Bunu kendi onuru çiğnenmiş bir Katharina Blum olarak, gerçekten Soner için de arzu ediyorum...

Onun suçsuz çıkmasını ve beraat etmesini Tanrı’dan diliyorum...

İçimden, kalbimden ve ruhumdan...

Eyyam yapmadan, oportunistleşmeden...

Yalandan ve riyadan değil, gerçekten ve insanlıktan...

Çiğnenen onurların yarattığı dramı, ancak onurları çiğnenmeye çalışılmış olanlar bilirler çünkü...


*****


SONER BENİM İÇİN BİR MUSTAFA BALBAY DEĞİL...

Soner meselesinin düşündürdükleri:

Soner’den ağzı yanan meslektaşlara: “Size yapılan haraket ve iftira başka, tutuklanma nedeni başkadır...

Size yaptıklarından dolayı ‘Tutuklayın Soner’i diyemezsiniz...”

Çünkü tutuklayanlar şimdilik size yaptıklarındar dolayı tutuklamış gözükmüyorlar...


***


Eğer Soner ve arkadaşları “bir talimat alarak, bir itibarsızlaştırma operasyonunun parçası olarak bu yazıları ve haberleri yayınlamışlarsa” bunu kanıtlama işi savcınındır...

Eğer öyleyse sizin haysiyetinize yapılan saldırıyla, tutuklama nedeni birleşir...

Aksi halde ortada geçerli bir neden yoktur...


***


Soner’den bir muhalif kahraman yaratmaya çalışan meslektaşlara:

“Siyasi muhalefet, eğer kişisel itibarsızlaştırmalar, özel meseleler, insan onurunu ayaklar altına alan satırlarla eklemlenmişse, ona sadece siyasi muhalefet olarak bakılmaz...

Soner muhaliftir ve bir muhalif olarak, sonuna kadar basın özgürlüğünün sınırları içinde mesleğini yapmalıdır...”

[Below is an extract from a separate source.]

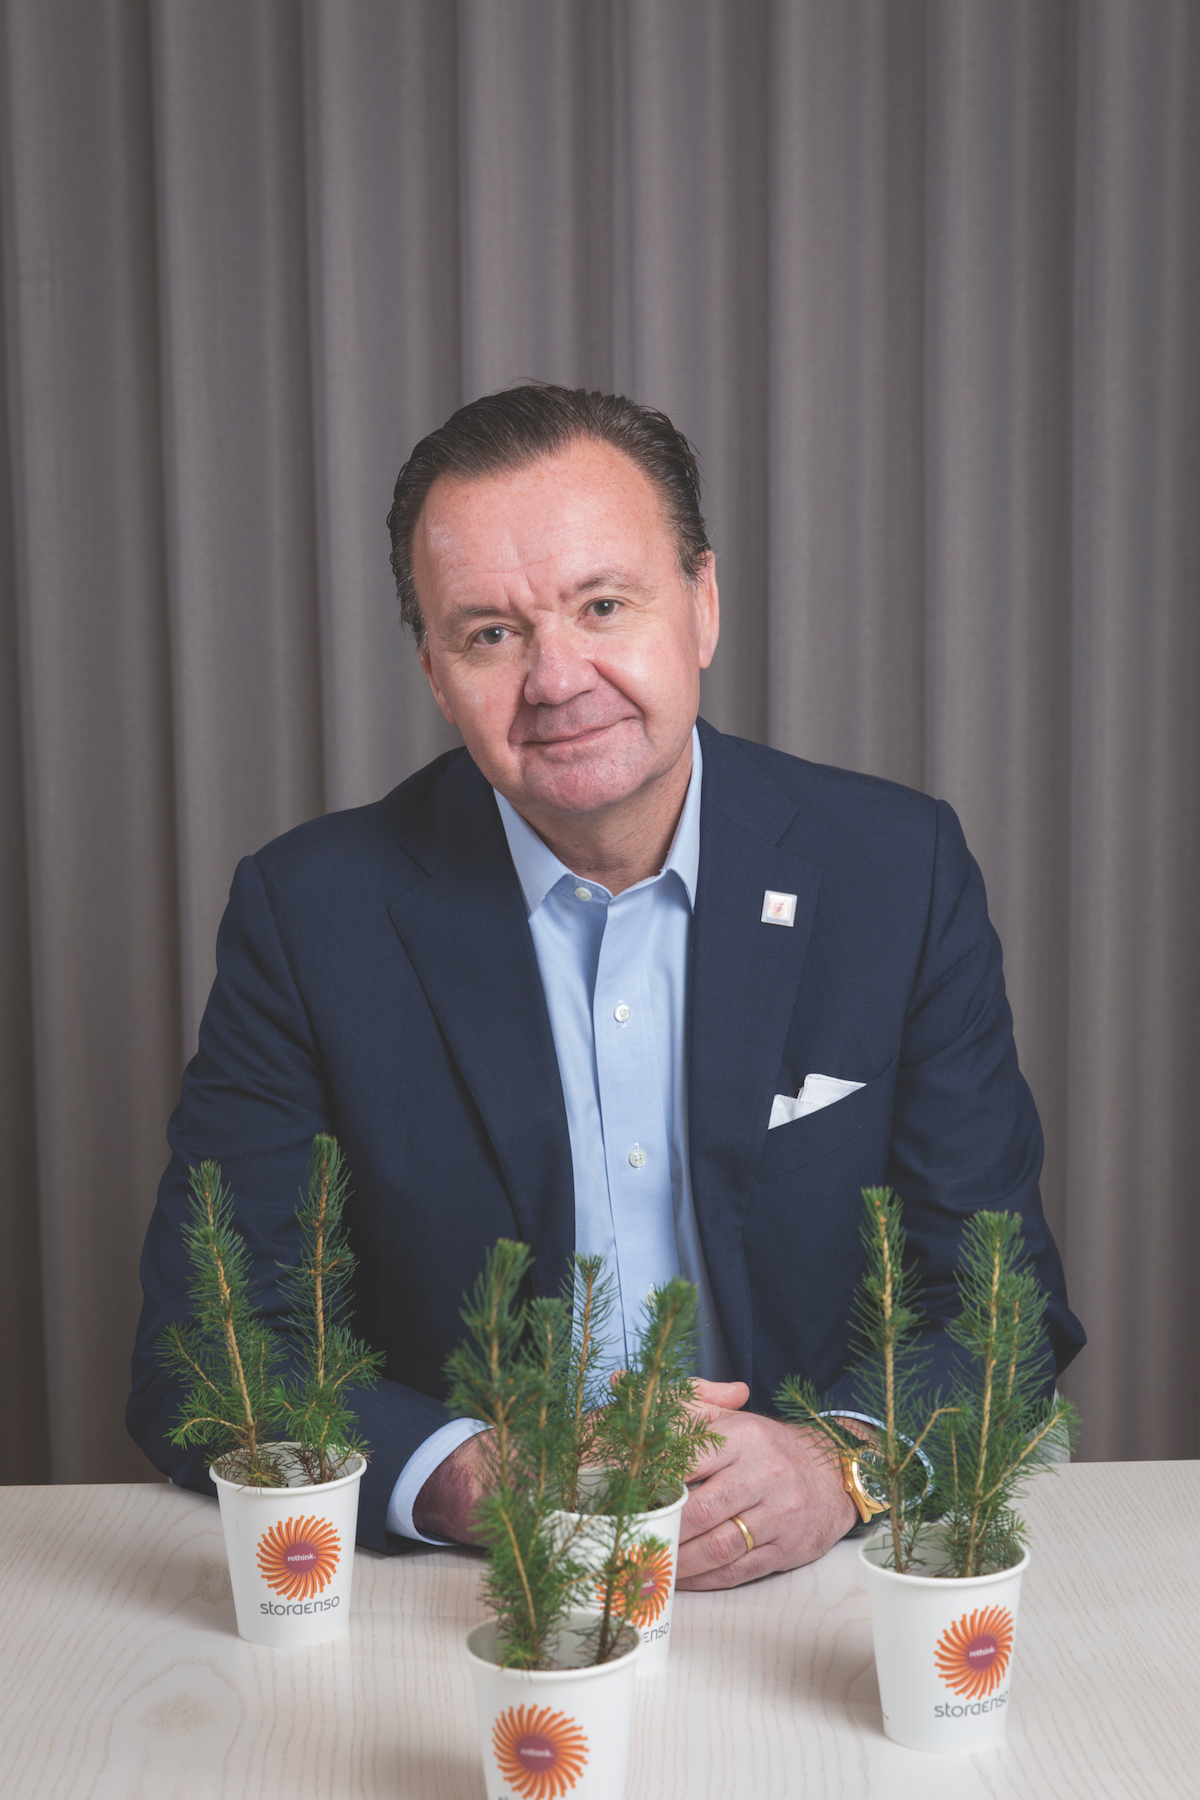 Karl-Henrik Sundström, CEO of Stora Enso

Ancak, insan haysiyetini ayaklar altına alan satırlar yayınlanırken, “gazetecilik ve ahlak ölçülerinin yüksek olduğunu” söyleyen arkadaşların, “Ne yapıyorsunuz siz...

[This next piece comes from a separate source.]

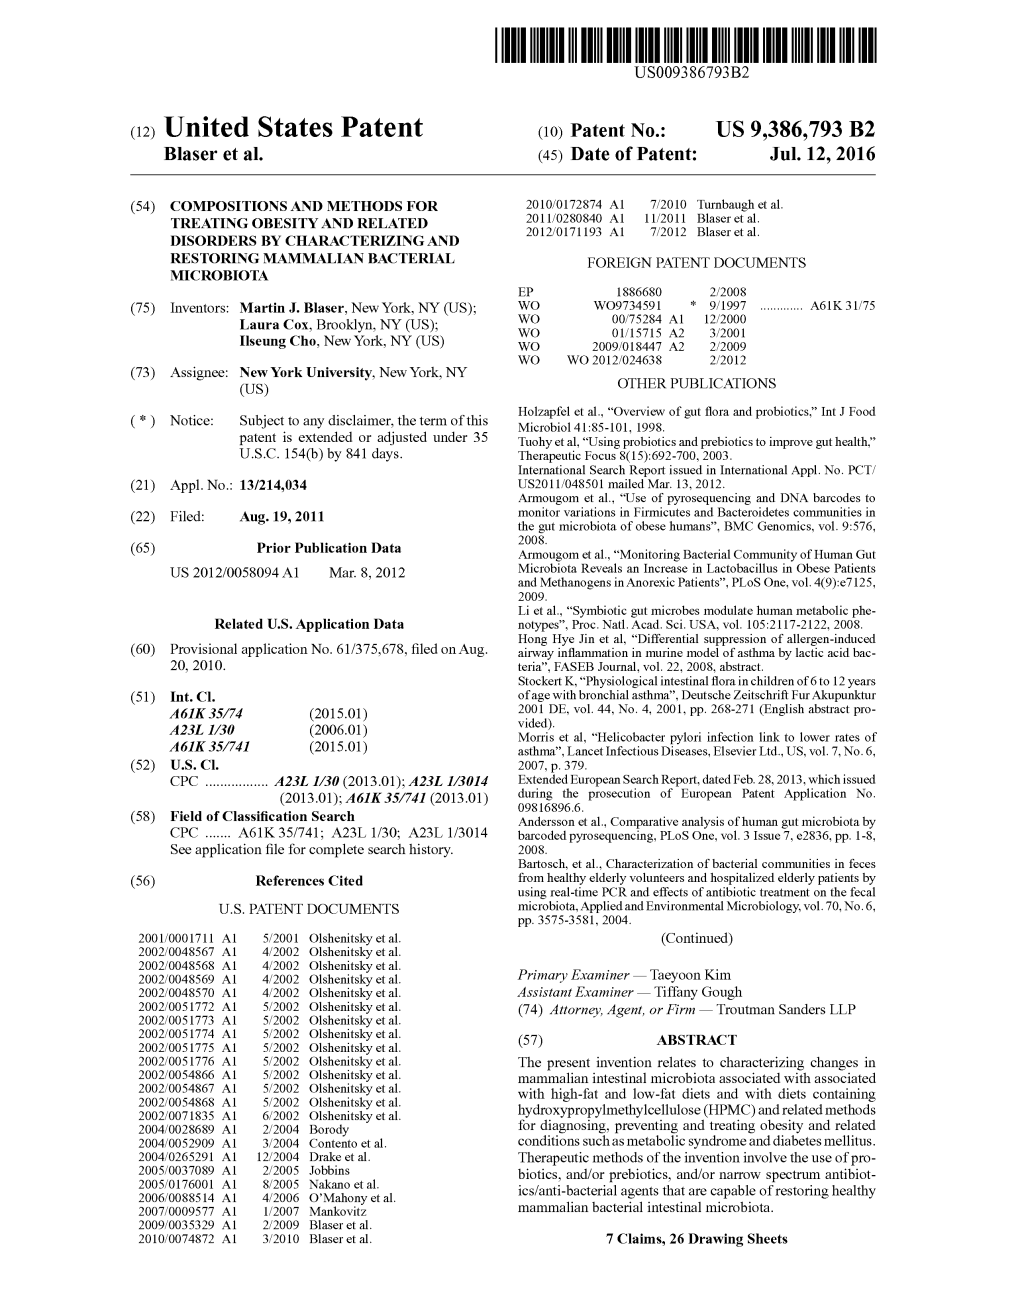 (12) United States Patent (10) Patent No.: US 9,386,793 B2 Blaser Et Al

Muhalefetle bunun ne ilgisi var... İnsanlara beyin kanaması geçirten haberlerin, evli kadınların başkalarıyla ilişkisi olduğuna dair haberlerin, siyasi muhalefetin neresinde durduğunu sormaları gerkemez miydi?..

Günah değil mi bu yaptıklarınız” da mı diyemedi bu arkadaşlar?..


***


Keşke Soner Yalçın’ı Mustafa Balbay kadar umutla ve mutlulukla savunabilseydim...

Soner’in de suçsuz çıkması için dua edeceğim, basın özgürlüğü açısından tüm hücrelerimle onu savunacağım...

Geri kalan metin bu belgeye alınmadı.